Sybil Geldart, Lacey Langlois, Harry S. Shannon, Lilia M. Cortina, Lauren Griffith and Ted Haines
Previous in-depth focus groups found that postal workers employed by a crown corporation in Canada identified a lack of respect in the workplace. A lack of respect or discourteous…
Abstract
Purpose
Previous in-depth focus groups found that postal workers employed by a crown corporation in Canada identified a lack of respect in the workplace. A lack of respect or discourteous behavior might be better understood as a phenomenon of workplace incivility. The purpose of this paper is to report a larger cross-sectional survey to determine: the magnitude of workplace incivility among Canadian postal workers; any association between incivility and indicators of worker well-being; and, the potential buffering benefits of social support from co-workers.
Design/methodology/approach
Questionnaire packages were mailed to nearly 2,000 employees of Canada Post Corporation, asking for anonymous responses to questions about their job, demographics, satisfaction and commitment, treatment in the workplace, and well-being.
Findings
More than 82 percent of 950 respondents reported at least some workplace incivility.

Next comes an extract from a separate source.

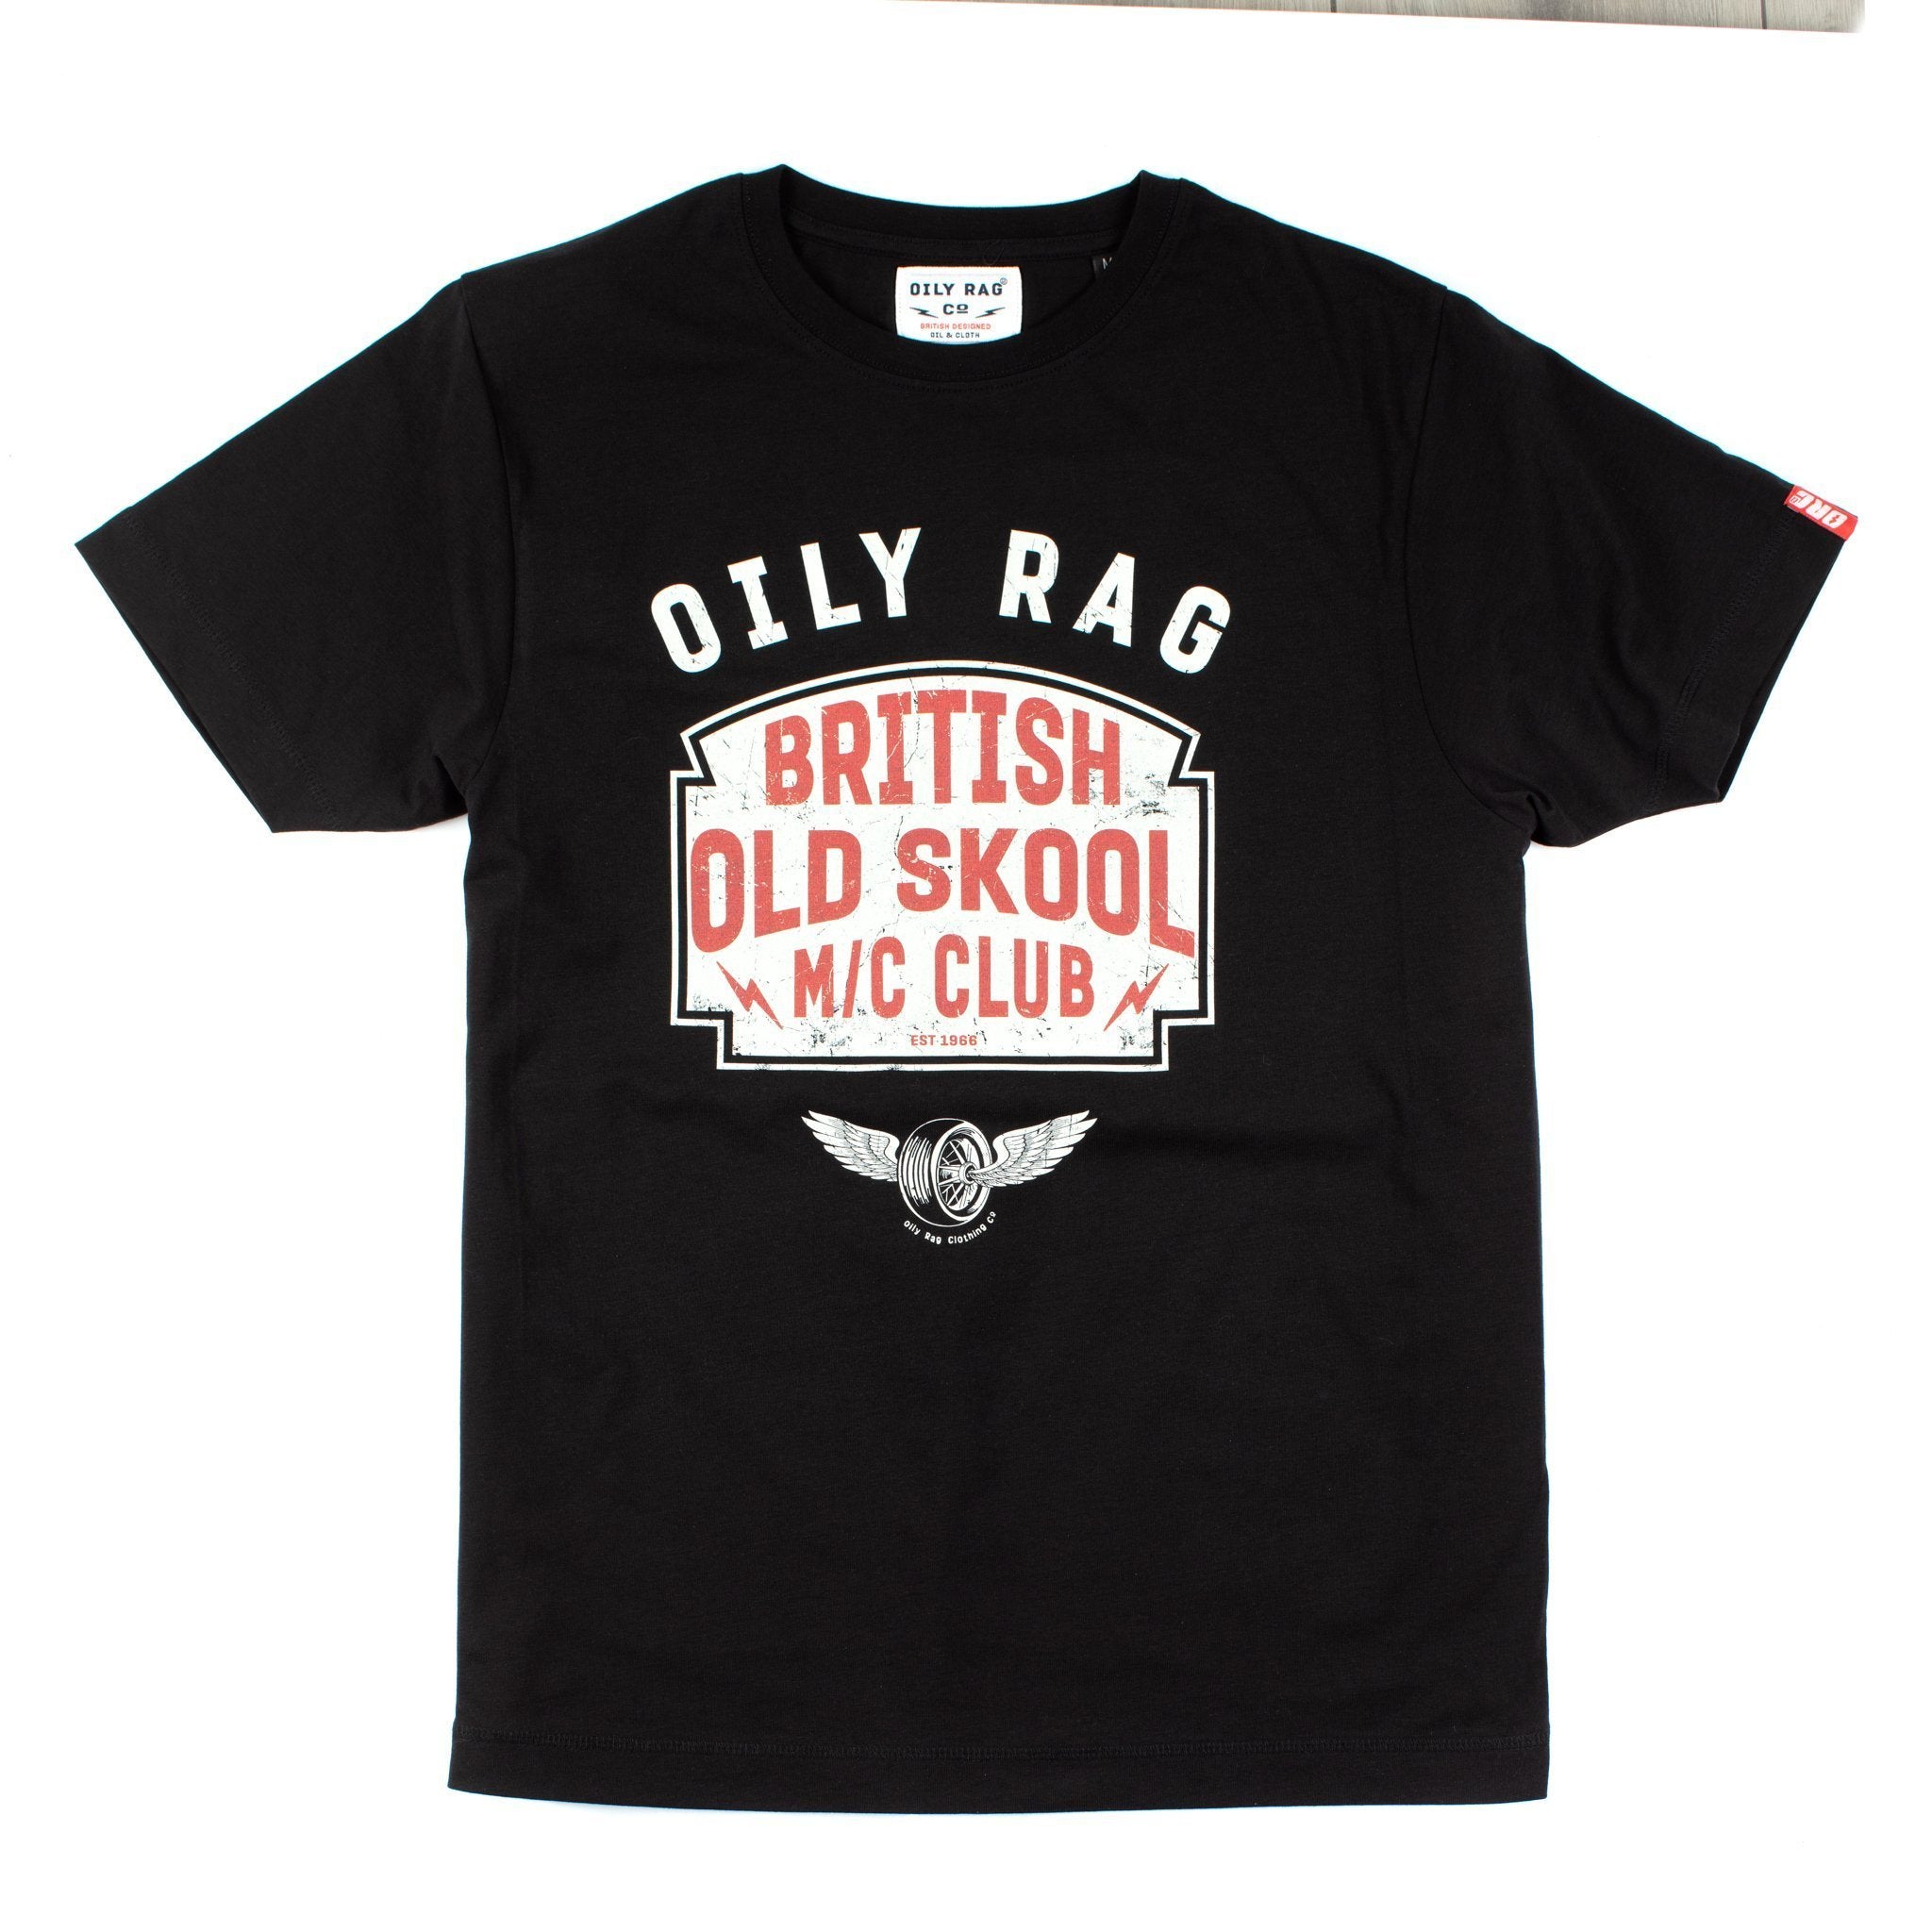 Oily Rag Clothing Black Label Old Skool

After controlling for demographic and work factors, incivility explained significant variation in worker burnout, anxiety, depression, and hostility (i.e. adjusted R2 values ranged from 5 to 46). In addition, the association between incivility and worker anxiety, depression, and hostility was reduced when workers reported greater social support from co-workers.

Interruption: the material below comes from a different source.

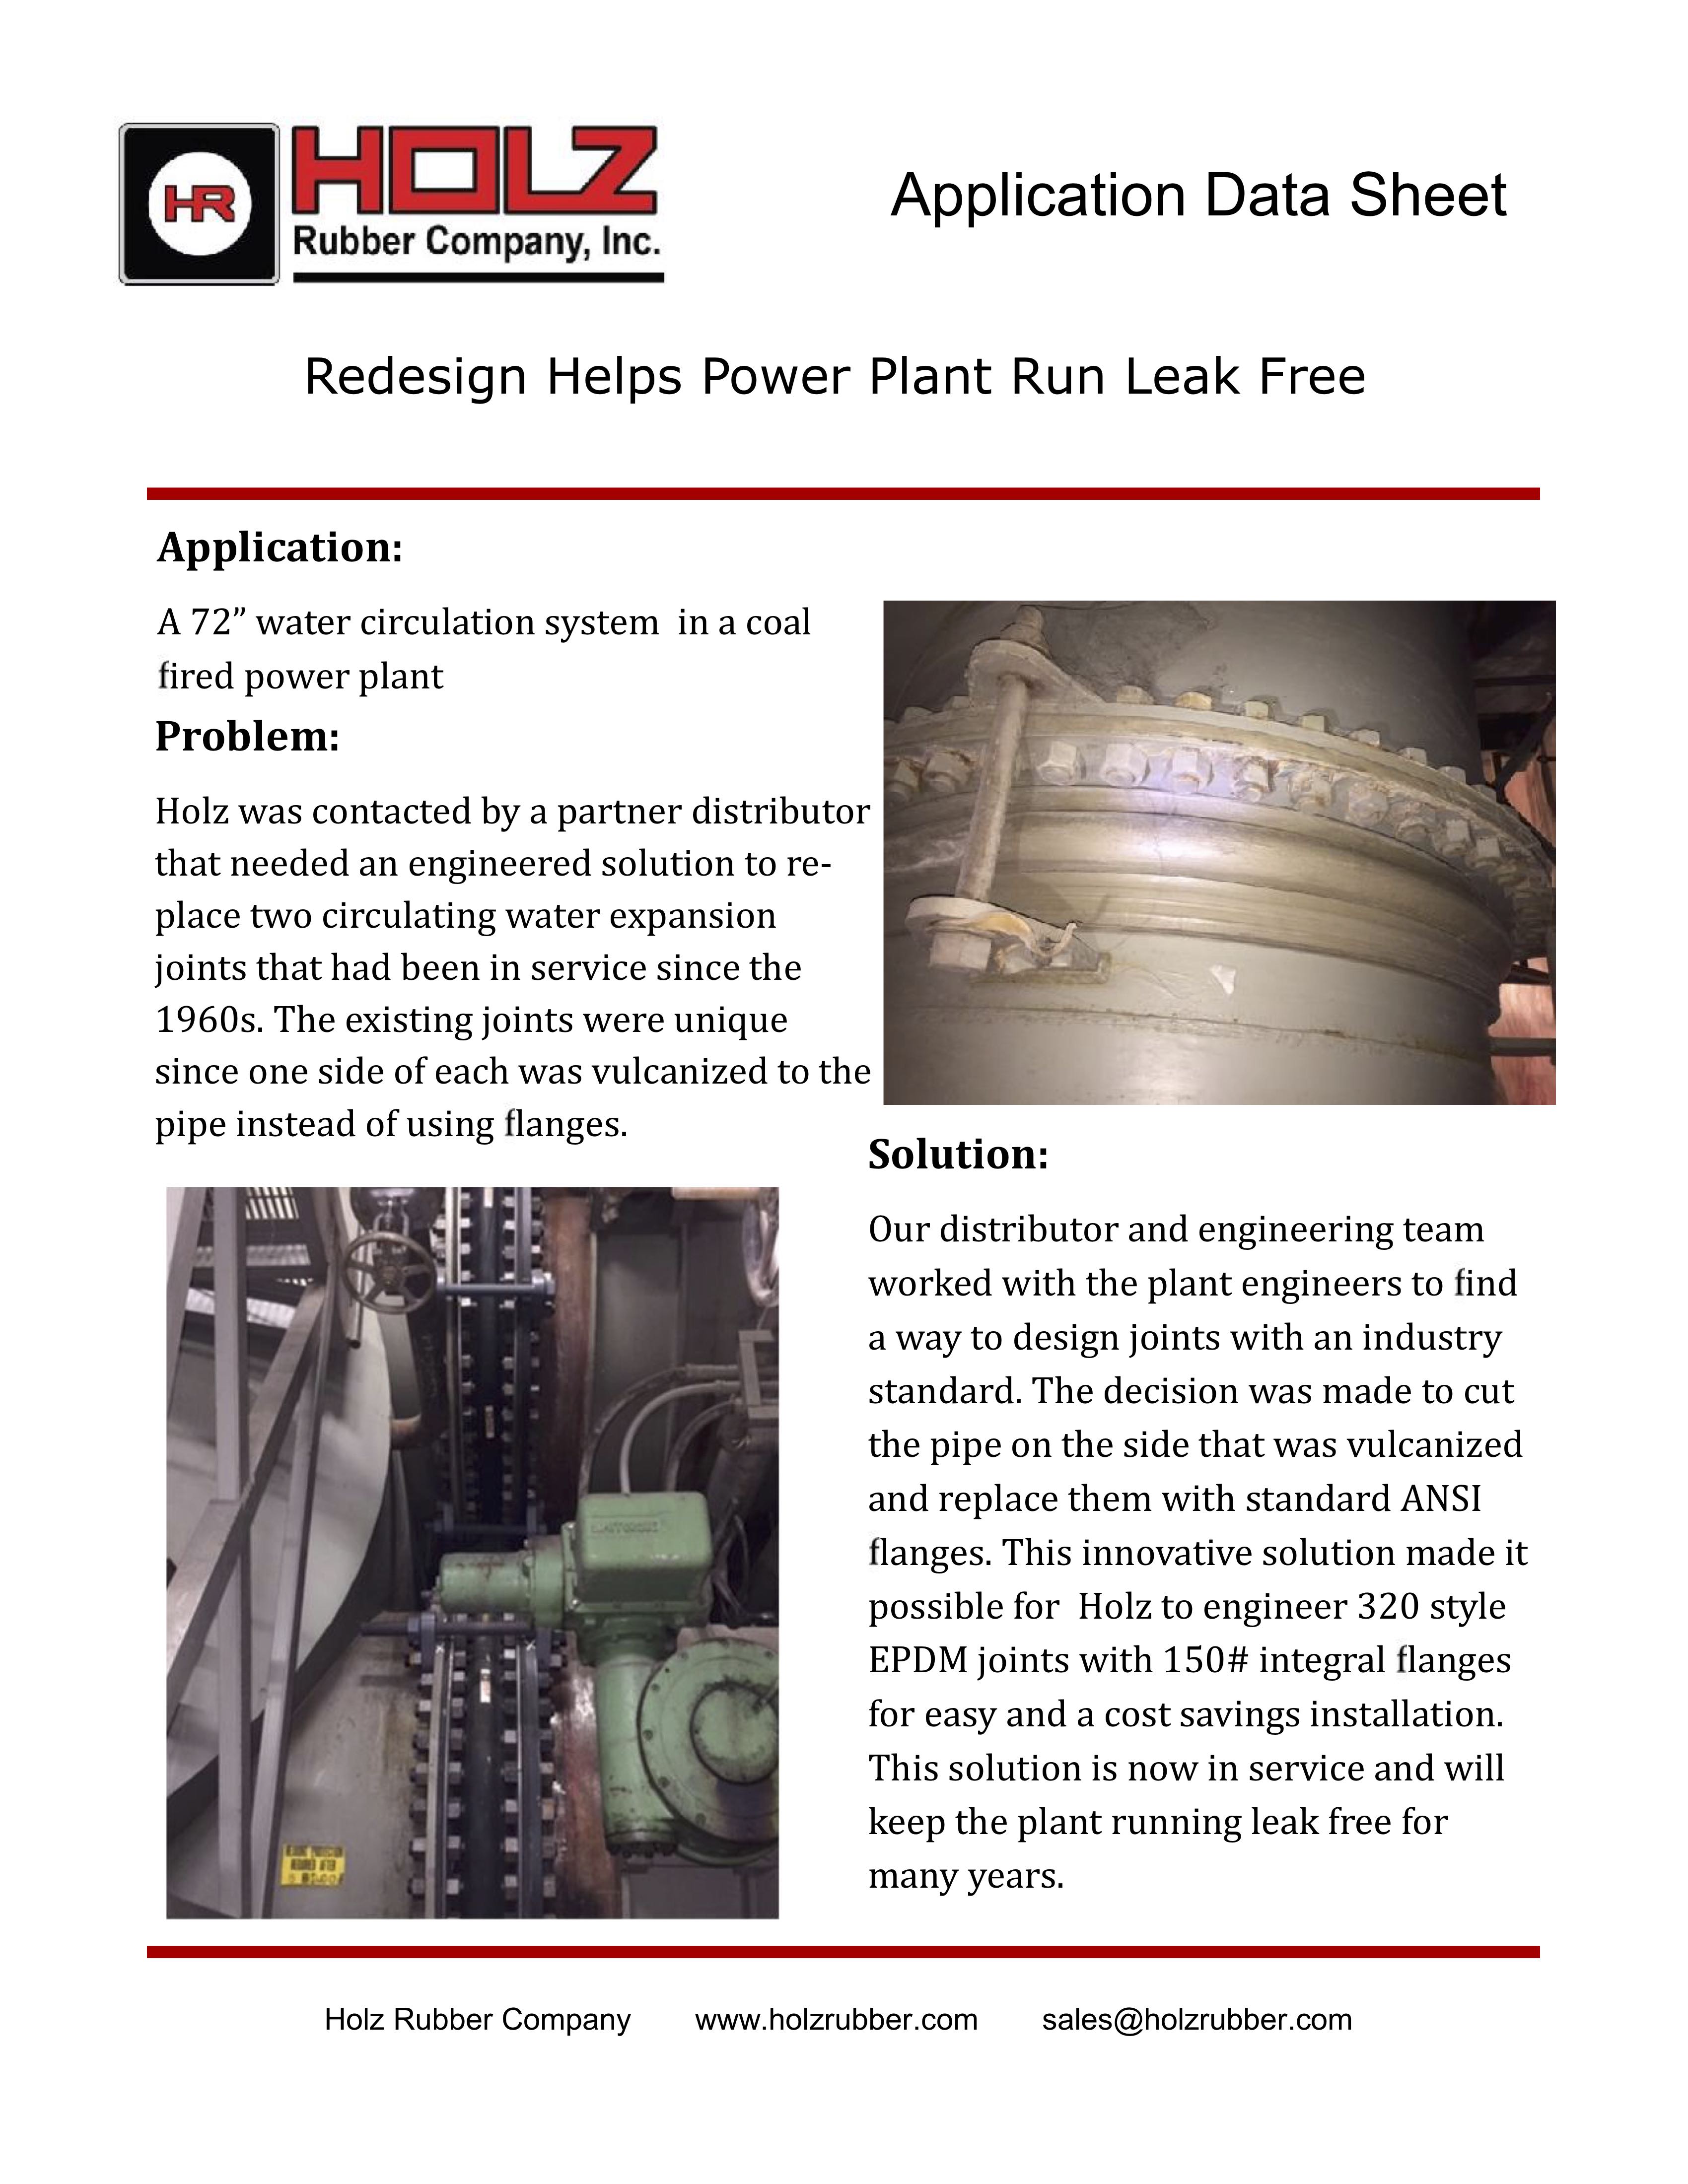 Redesign Helps Power Plant Run Leak Free

Research limitations/implications
Incivility is more than just a minor or infrequent source of psychological distress for people working in service. However, a positive outcome is that co-worker support helps reduce the adverse effects of rude and discourteous behavior.
Originality/value
To our knowledge, this was the first large-scale survey exploring workplace incivility in the public postal service. The data from a large sample of postal workers across Canada suggest that the treatment of employees is an ongoing problem at this organization. This research is relevant for understanding workplace interactions and health in the service sector in Canada, though the authors expect it is germane also to other occupations worldwide.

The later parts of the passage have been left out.